Not everyone changes CPU's every year. Not even any significant percentage.
And those that do, also want a new motherboard with new 'features'.

TJ Hooker

Titan
Ambassador
Intel tends to use the same socket (and therefore maintain mobo compatibility) for 2 generations, the first one being a new architecture, followed by a die shrink. Sandy Bridge and Ivy Bridge. Haswell and Broadwell (although I seem to remember Broadwell support with 8 series chipsets being iffy at best). Skylake is a new architecture, with a new socket. It remains to be seen how this pattern will play out now that Intel has abandoned their traditional tick-tock (new architecture, then die shrink) pattern. Normally, it would be assumed that Cannonlake (die shrink) would work with Skylake chipsets, but with the introduction of Kaby Lake in between, nobody can say for sure.

But long story short, no one but you was expecting Skylake to work on Z97 boards.
 
yeah when Haswell was the new kid of the block. Intel changes the socket type every other generation.
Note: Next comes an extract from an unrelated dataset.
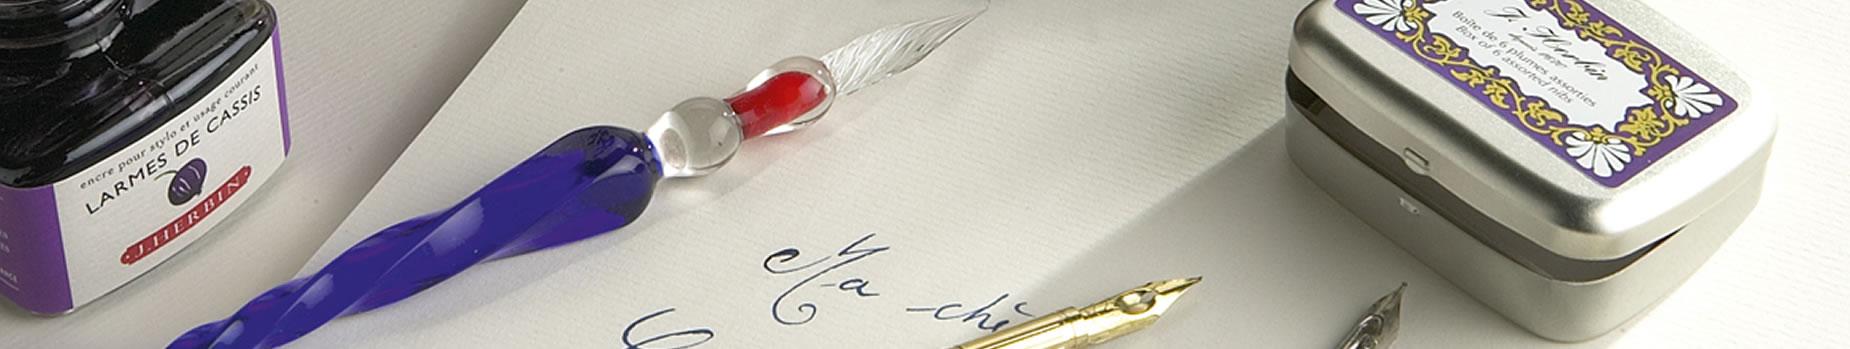 Glass Pen Venetian Writing Set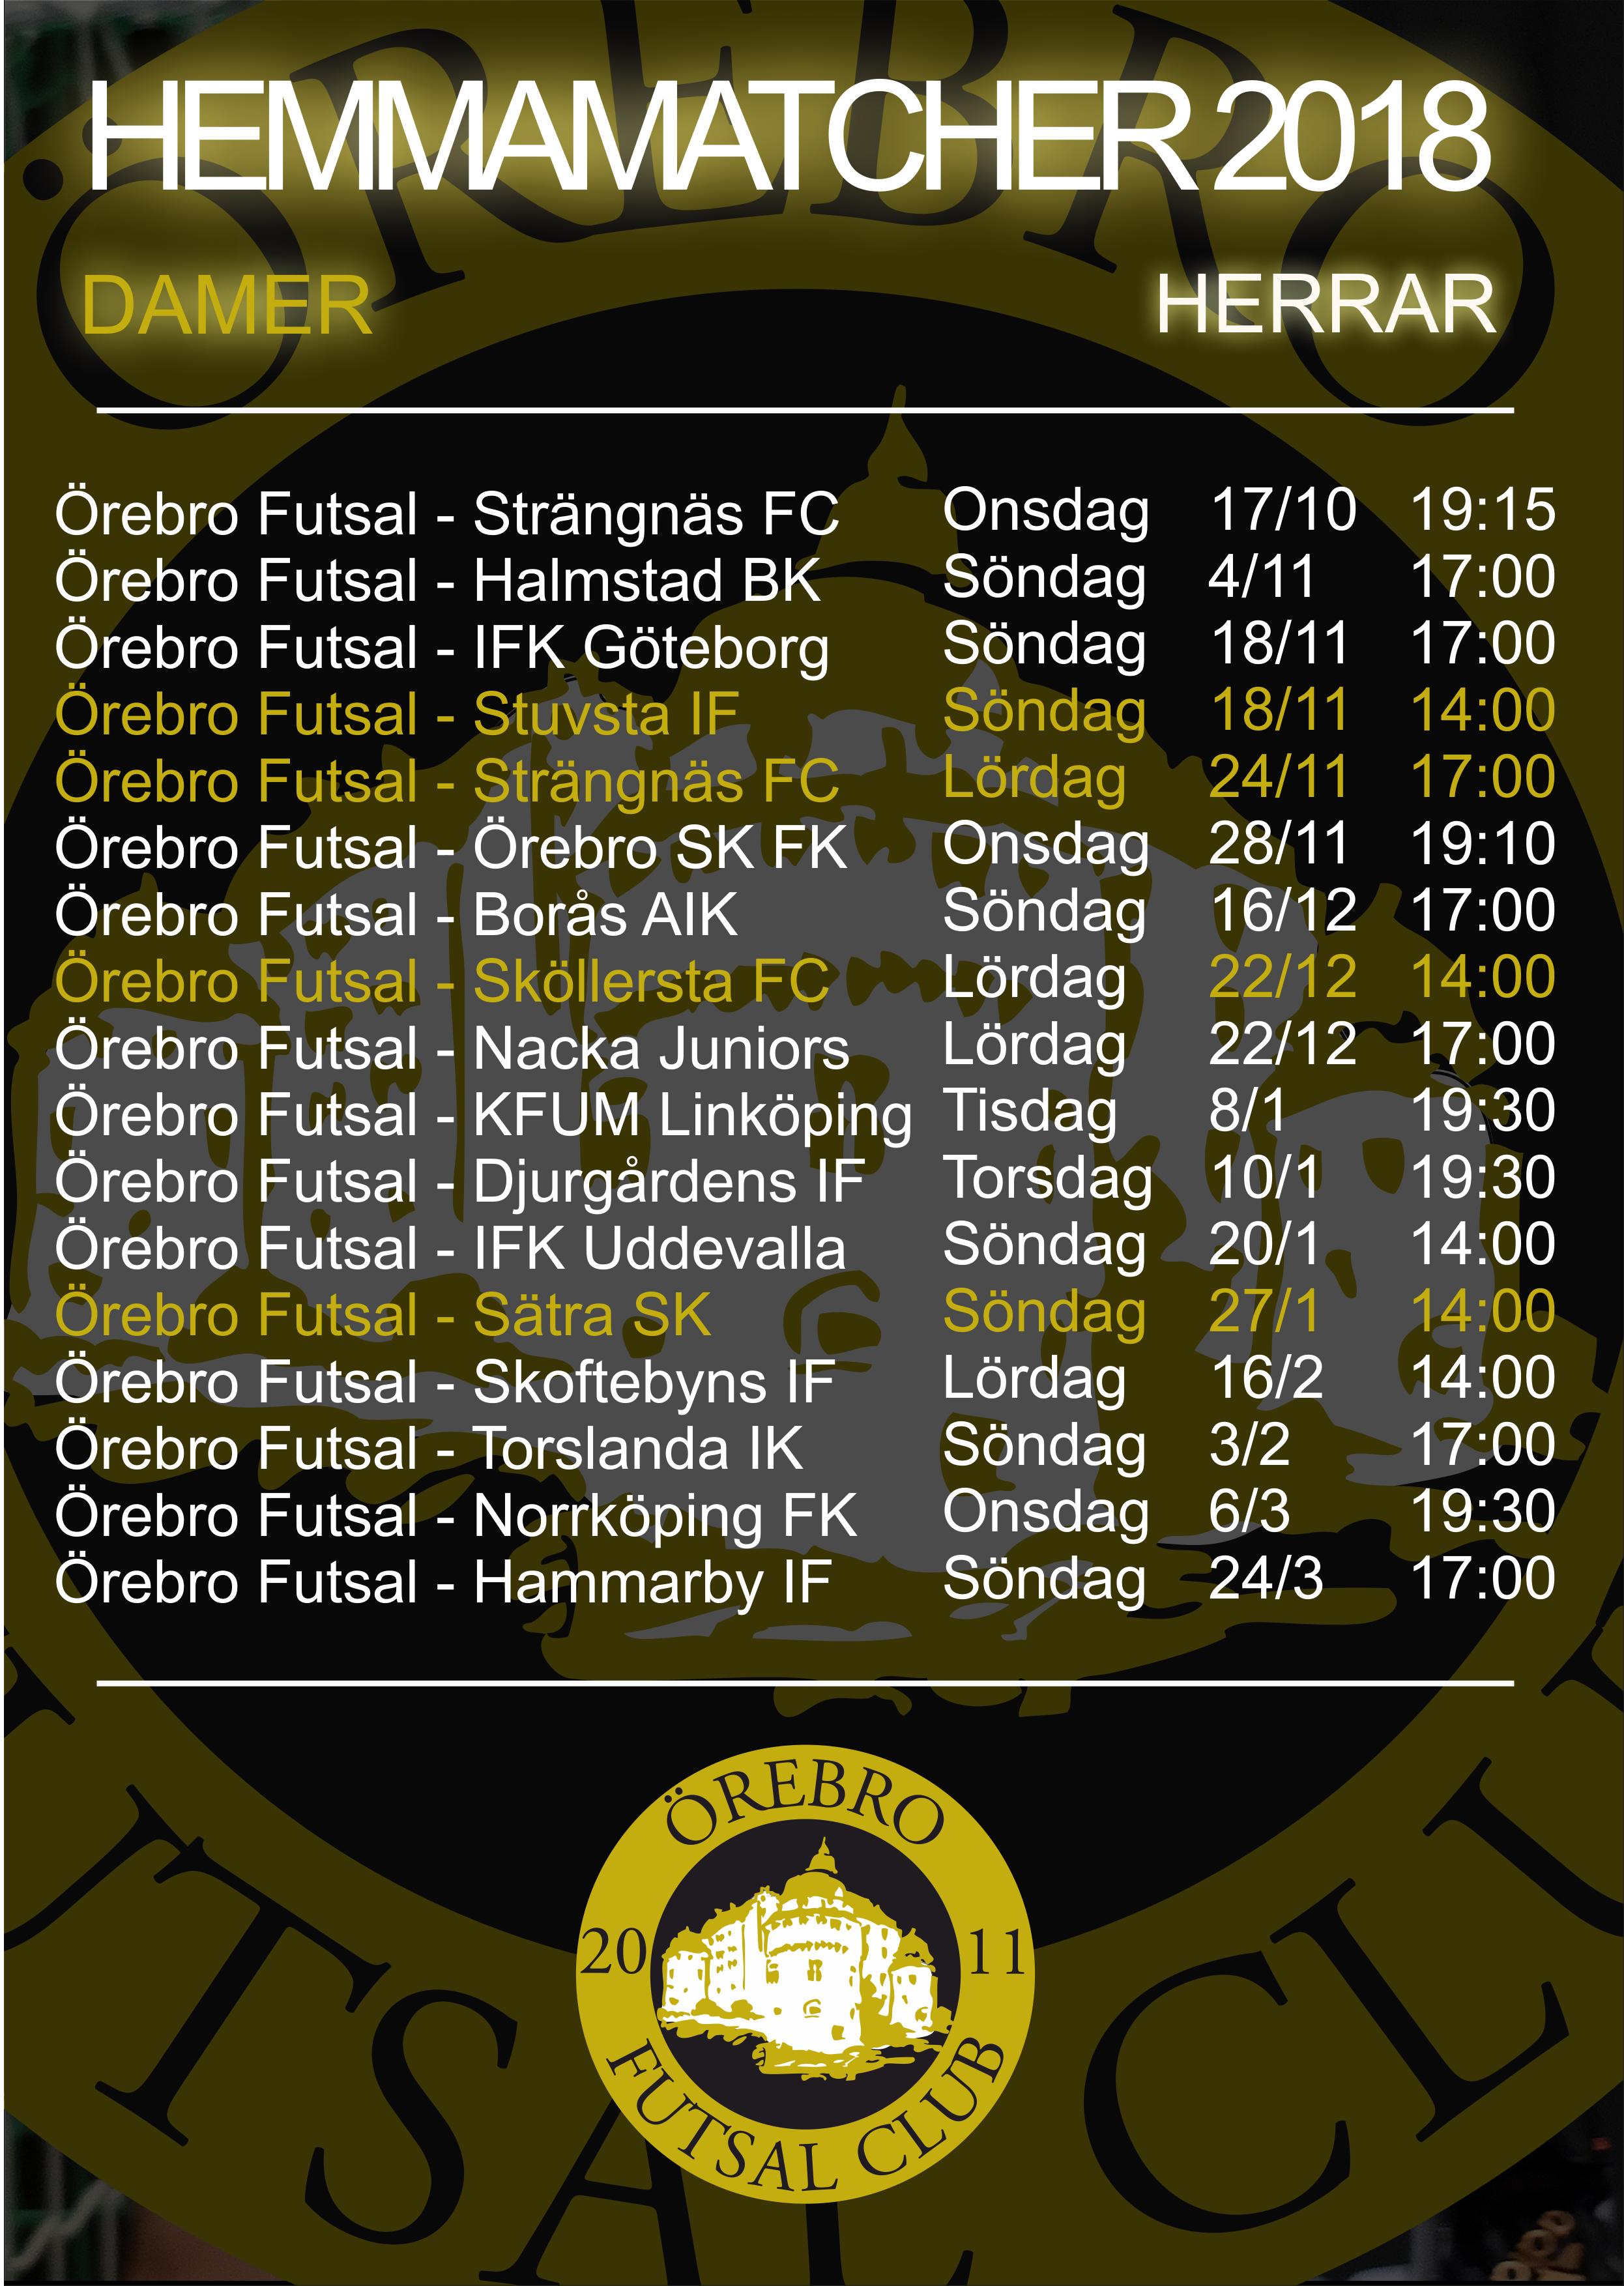 Örebro Futsal Club - Spelschema

So Haswell and the aborted Broadwell would have work with Z97. But Skylake is out now so the new LGA socket is 1151. That's the way its always been.
 

USAFRet

Titan
Moderator


Only if you personally are chasing the NextBestThing.

Not everyone changes CPU's every year. Not even any significant percentage.
And those that do, also want a new motherboard with new 'features'.